─── Entries shown ───

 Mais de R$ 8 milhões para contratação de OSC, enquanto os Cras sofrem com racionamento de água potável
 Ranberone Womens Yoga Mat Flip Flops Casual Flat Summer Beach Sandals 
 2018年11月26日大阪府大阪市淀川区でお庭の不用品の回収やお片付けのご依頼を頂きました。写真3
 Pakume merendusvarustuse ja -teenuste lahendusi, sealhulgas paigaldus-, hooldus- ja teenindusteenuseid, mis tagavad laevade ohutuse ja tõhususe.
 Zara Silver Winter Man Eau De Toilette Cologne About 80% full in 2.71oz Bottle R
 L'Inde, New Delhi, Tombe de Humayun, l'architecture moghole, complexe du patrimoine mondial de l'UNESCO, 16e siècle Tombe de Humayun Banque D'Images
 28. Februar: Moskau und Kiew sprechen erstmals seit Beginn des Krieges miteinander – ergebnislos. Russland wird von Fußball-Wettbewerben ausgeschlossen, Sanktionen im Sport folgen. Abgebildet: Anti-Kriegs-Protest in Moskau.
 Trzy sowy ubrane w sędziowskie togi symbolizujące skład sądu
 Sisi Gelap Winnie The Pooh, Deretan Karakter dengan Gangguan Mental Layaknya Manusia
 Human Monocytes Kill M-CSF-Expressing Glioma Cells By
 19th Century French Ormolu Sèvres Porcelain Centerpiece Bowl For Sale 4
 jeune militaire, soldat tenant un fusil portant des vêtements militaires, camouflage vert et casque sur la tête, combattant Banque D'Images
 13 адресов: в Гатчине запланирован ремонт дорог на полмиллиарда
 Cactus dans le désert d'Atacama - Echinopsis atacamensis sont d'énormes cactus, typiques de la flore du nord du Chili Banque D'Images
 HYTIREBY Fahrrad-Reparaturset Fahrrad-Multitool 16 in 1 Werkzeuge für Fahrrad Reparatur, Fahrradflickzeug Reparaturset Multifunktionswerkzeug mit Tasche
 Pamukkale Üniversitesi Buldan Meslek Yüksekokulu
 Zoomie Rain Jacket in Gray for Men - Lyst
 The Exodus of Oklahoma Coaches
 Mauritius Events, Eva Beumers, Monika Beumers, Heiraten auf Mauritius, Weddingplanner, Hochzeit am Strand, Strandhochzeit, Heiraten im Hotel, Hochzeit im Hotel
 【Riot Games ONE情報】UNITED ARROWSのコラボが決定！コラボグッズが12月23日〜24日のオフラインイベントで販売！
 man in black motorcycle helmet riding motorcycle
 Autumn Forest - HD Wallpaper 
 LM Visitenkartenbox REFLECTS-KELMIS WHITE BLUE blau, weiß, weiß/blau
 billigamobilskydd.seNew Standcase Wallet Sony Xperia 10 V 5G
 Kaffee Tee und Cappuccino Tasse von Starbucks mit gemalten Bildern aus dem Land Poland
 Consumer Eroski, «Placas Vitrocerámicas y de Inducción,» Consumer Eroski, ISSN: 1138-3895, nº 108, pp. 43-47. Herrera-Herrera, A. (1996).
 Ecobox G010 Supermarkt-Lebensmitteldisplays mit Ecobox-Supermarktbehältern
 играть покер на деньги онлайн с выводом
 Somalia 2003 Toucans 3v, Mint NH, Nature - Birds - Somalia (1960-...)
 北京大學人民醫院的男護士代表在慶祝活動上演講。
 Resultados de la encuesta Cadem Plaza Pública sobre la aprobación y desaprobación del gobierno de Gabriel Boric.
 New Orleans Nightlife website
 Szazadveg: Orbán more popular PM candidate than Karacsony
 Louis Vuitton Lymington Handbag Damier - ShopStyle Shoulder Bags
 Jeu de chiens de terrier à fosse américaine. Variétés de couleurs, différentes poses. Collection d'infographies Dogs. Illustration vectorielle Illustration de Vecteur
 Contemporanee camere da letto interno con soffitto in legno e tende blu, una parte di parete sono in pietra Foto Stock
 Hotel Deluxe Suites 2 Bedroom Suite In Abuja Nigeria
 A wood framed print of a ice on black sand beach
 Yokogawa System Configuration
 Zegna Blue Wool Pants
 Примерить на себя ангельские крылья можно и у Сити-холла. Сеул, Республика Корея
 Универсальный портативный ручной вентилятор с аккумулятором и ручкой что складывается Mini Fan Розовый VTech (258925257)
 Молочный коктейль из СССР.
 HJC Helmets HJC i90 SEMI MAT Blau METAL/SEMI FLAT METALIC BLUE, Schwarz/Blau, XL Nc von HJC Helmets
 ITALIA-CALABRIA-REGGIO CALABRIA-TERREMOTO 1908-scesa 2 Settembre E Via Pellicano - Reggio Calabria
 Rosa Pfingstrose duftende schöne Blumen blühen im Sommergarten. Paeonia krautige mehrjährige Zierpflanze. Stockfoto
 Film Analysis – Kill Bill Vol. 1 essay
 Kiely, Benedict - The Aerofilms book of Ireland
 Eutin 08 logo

───

== What the task requires ==
Output all records exactly, with nothing added or dropped.

== Task output ==
 Mais de R$ 8 milhões para contratação de OSC, enquanto os Cras sofrem com racionamento de água potável
 Ranberone Womens Yoga Mat Flip Flops Casual Flat Summer Beach Sandals 
 2018年11月26日大阪府大阪市淀川区でお庭の不用品の回収やお片付けのご依頼を頂きました。写真3
 Pakume merendusvarustuse ja -teenuste lahendusi, sealhulgas paigaldus-, hooldus- ja teenindusteenuseid, mis tagavad laevade ohutuse ja tõhususe.
 Zara Silver Winter Man Eau De Toilette Cologne About 80% full in 2.71oz Bottle R
 L'Inde, New Delhi, Tombe de Humayun, l'architecture moghole, complexe du patrimoine mondial de l'UNESCO, 16e siècle Tombe de Humayun Banque D'Images
 28. Februar: Moskau und Kiew sprechen erstmals seit Beginn des Krieges miteinander – ergebnislos. Russland wird von Fußball-Wettbewerben ausgeschlossen, Sanktionen im Sport folgen. Abgebildet: Anti-Kriegs-Protest in Moskau.
 Trzy sowy ubrane w sędziowskie togi symbolizujące skład sądu
 Sisi Gelap Winnie The Pooh, Deretan Karakter dengan Gangguan Mental Layaknya Manusia
 Human Monocytes Kill M-CSF-Expressing Glioma Cells By
 19th Century French Ormolu Sèvres Porcelain Centerpiece Bowl For Sale 4
 jeune militaire, soldat tenant un fusil portant des vêtements militaires, camouflage vert et casque sur la tête, combattant Banque D'Images
 13 адресов: в Гатчине запланирован ремонт дорог на полмиллиарда
 Cactus dans le désert d'Atacama - Echinopsis atacamensis sont d'énormes cactus, typiques de la flore du nord du Chili Banque D'Images
 HYTIREBY Fahrrad-Reparaturset Fahrrad-Multitool 16 in 1 Werkzeuge für Fahrrad Reparatur, Fahrradflickzeug Reparaturset Multifunktionswerkzeug mit Tasche
 Pamukkale Üniversitesi Buldan Meslek Yüksekokulu
 Zoomie Rain Jacket in Gray for Men - Lyst
 The Exodus of Oklahoma Coaches
 Mauritius Events, Eva Beumers, Monika Beumers, Heiraten auf Mauritius, Weddingplanner, Hochzeit am Strand, Strandhochzeit, Heiraten im Hotel, Hochzeit im Hotel
 【Riot Games ONE情報】UNITED ARROWSのコラボが決定！コラボグッズが12月23日〜24日のオフラインイベントで販売！
 man in black motorcycle helmet riding motorcycle
 Autumn Forest - HD Wallpaper 
 LM Visitenkartenbox REFLECTS-KELMIS WHITE BLUE blau, weiß, weiß/blau
 billigamobilskydd.seNew Standcase Wallet Sony Xperia 10 V 5G
 Kaffee Tee und Cappuccino Tasse von Starbucks mit gemalten Bildern aus dem Land Poland
 Consumer Eroski, «Placas Vitrocerámicas y de Inducción,» Consumer Eroski, ISSN: 1138-3895, nº 108, pp. 43-47. Herrera-Herrera, A. (1996).
 Ecobox G010 Supermarkt-Lebensmitteldisplays mit Ecobox-Supermarktbehältern
 играть покер на деньги онлайн с выводом
 Somalia 2003 Toucans 3v, Mint NH, Nature - Birds - Somalia (1960-...)
 北京大學人民醫院的男護士代表在慶祝活動上演講。
 Resultados de la encuesta Cadem Plaza Pública sobre la aprobación y desaprobación del gobierno de Gabriel Boric.
 New Orleans Nightlife website
 Szazadveg: Orbán more popular PM candidate than Karacsony
 Louis Vuitton Lymington Handbag Damier - ShopStyle Shoulder Bags
 Jeu de chiens de terrier à fosse américaine. Variétés de couleurs, différentes poses. Collection d'infographies Dogs. Illustration vectorielle Illustration de Vecteur
 Contemporanee camere da letto interno con soffitto in legno e tende blu, una parte di parete sono in pietra Foto Stock
 Hotel Deluxe Suites 2 Bedroom Suite In Abuja Nigeria
 A wood framed print of a ice on black sand beach
 Yokogawa System Configuration
 Zegna Blue Wool Pants
 Примерить на себя ангельские крылья можно и у Сити-холла. Сеул, Республика Корея
 Универсальный портативный ручной вентилятор с аккумулятором и ручкой что складывается Mini Fan Розовый VTech (258925257)
 Молочный коктейль из СССР.
 HJC Helmets HJC i90 SEMI MAT Blau METAL/SEMI FLAT METALIC BLUE, Schwarz/Blau, XL Nc von HJC Helmets
 ITALIA-CALABRIA-REGGIO CALABRIA-TERREMOTO 1908-scesa 2 Settembre E Via Pellicano - Reggio Calabria
 Rosa Pfingstrose duftende schöne Blumen blühen im Sommergarten. Paeonia krautige mehrjährige Zierpflanze. Stockfoto
 Film Analysis – Kill Bill Vol. 1 essay
 Kiely, Benedict - The Aerofilms book of Ireland
 Eutin 08 logo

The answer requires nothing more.